[PROBLEM STATEMENT]
With pictures omitted, restate the data word for word.

[DATA BLOCK]
^^^^^^^^
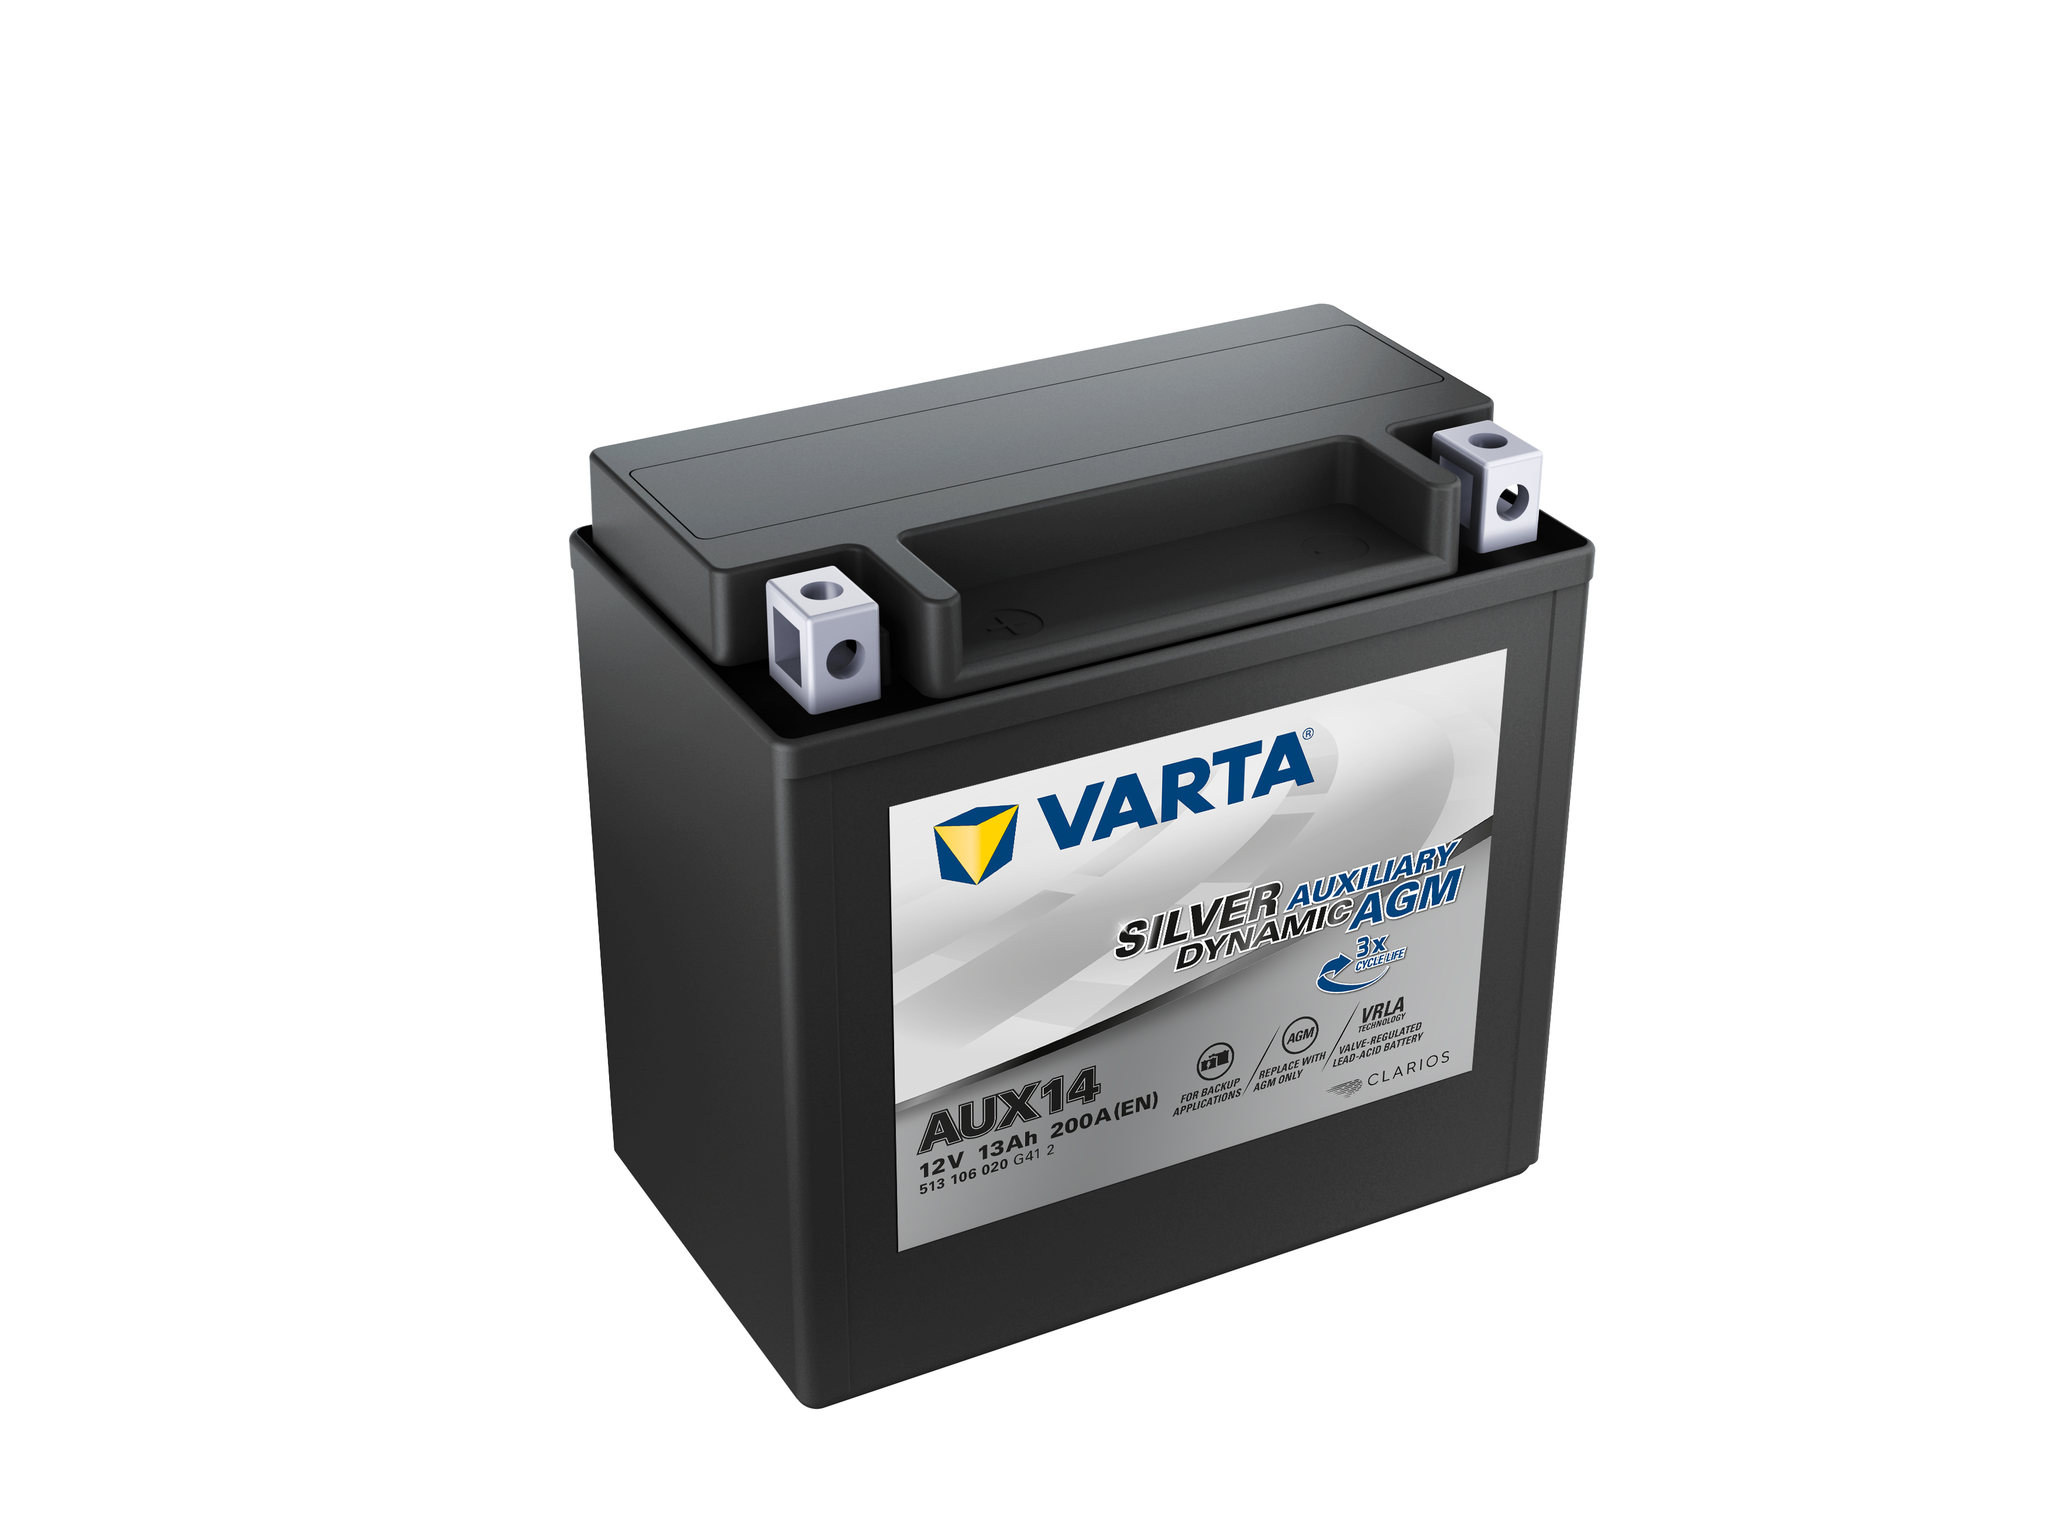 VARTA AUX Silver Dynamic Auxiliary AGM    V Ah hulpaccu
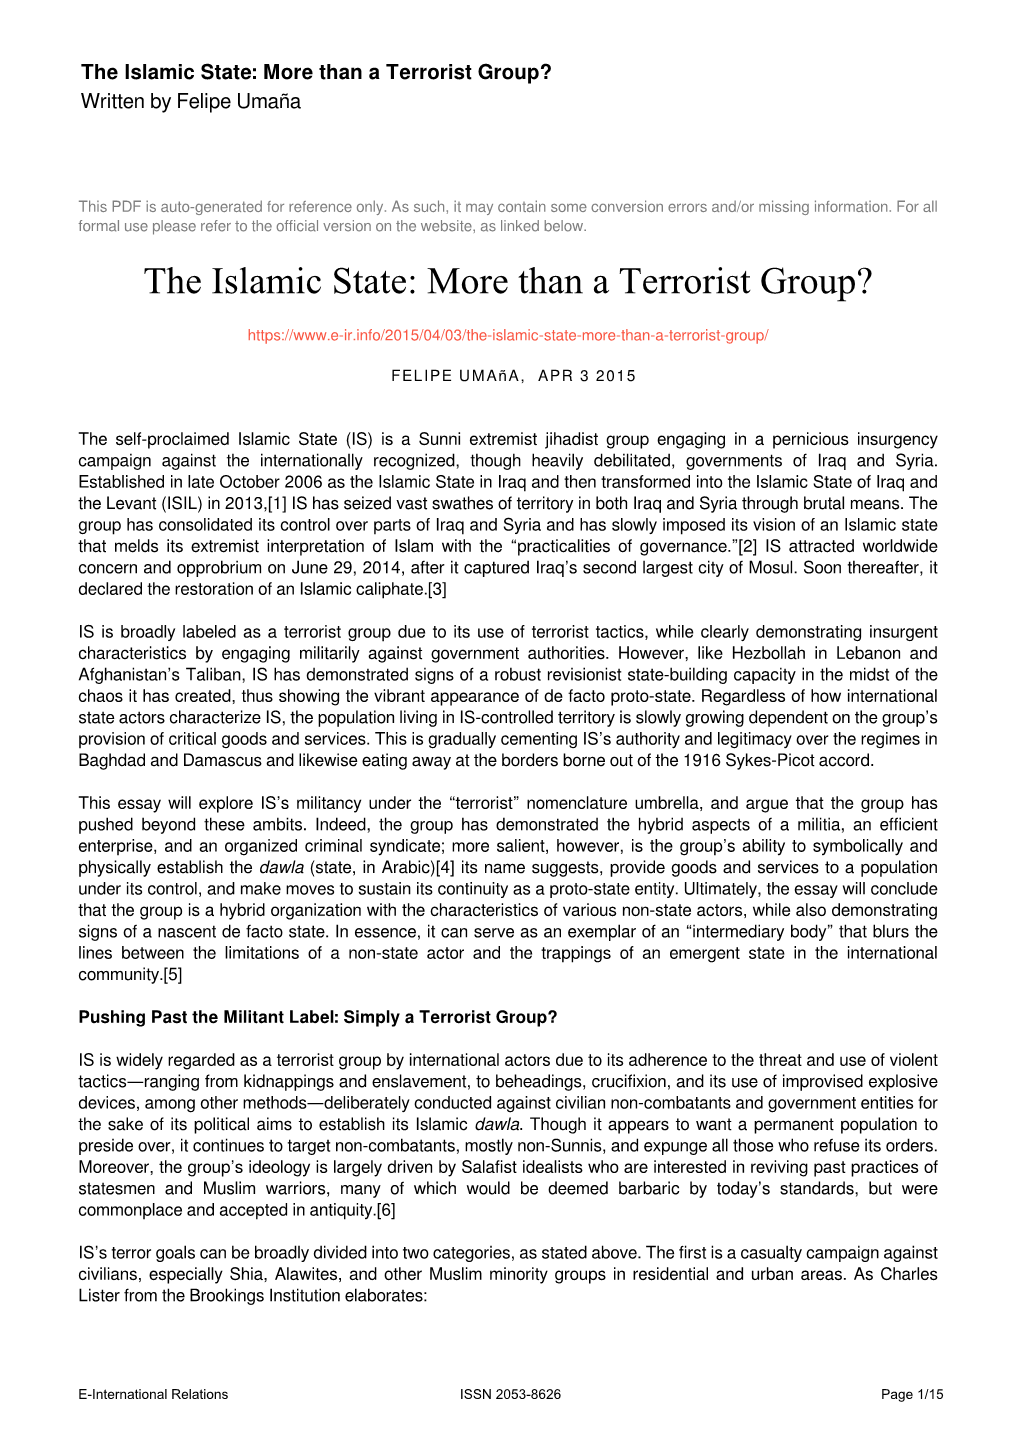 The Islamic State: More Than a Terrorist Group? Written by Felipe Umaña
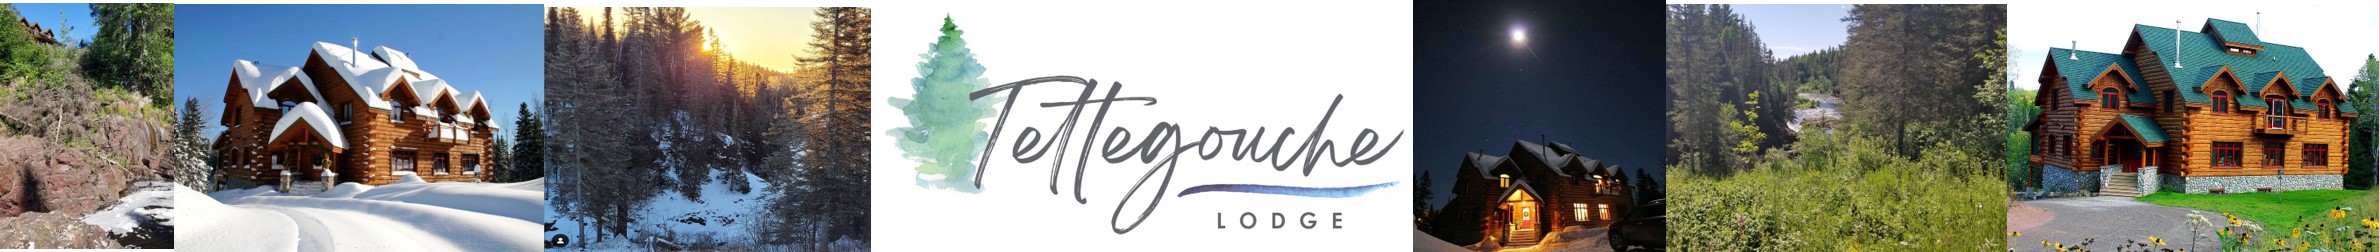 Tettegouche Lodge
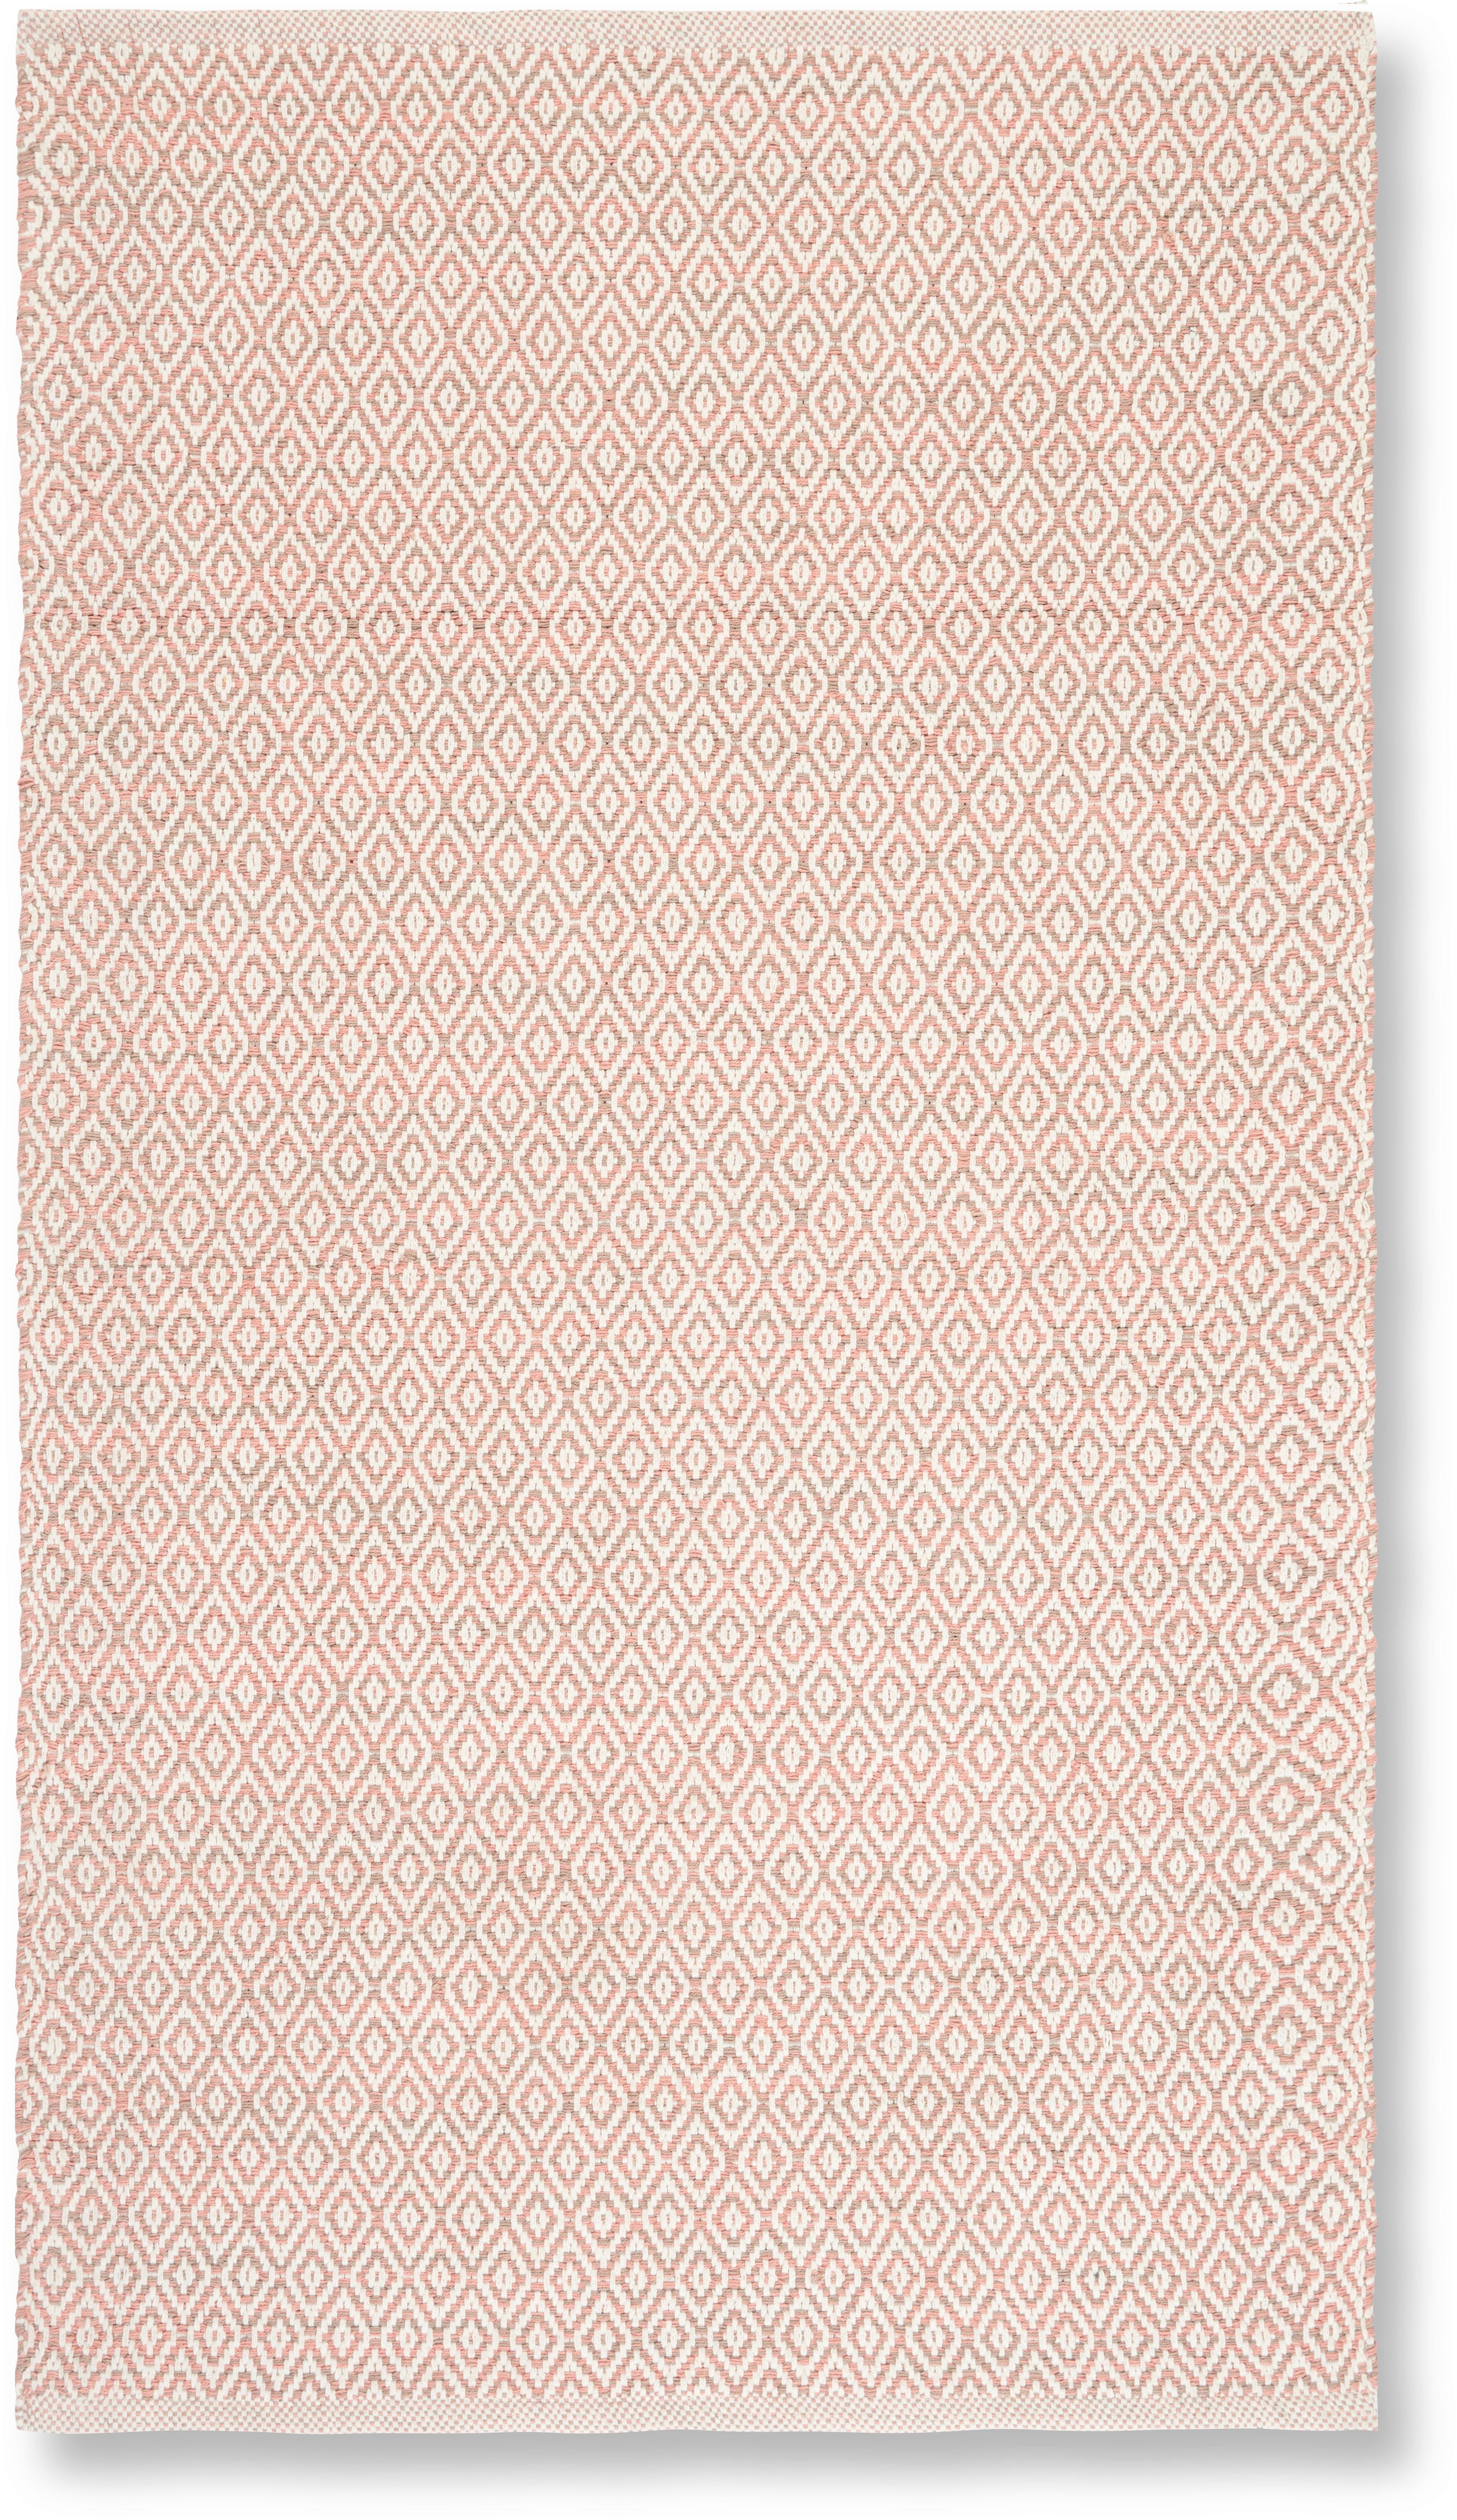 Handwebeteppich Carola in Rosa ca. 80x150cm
^^^^^^^^
[ANSWER SECTION]
 VARTA AUX Silver Dynamic Auxiliary AGM    V Ah hulpaccu
 The Islamic State: More Than a Terrorist Group? Written by Felipe Umaña
 Tettegouche Lodge
 Handwebeteppich Carola in Rosa ca. 80x150cm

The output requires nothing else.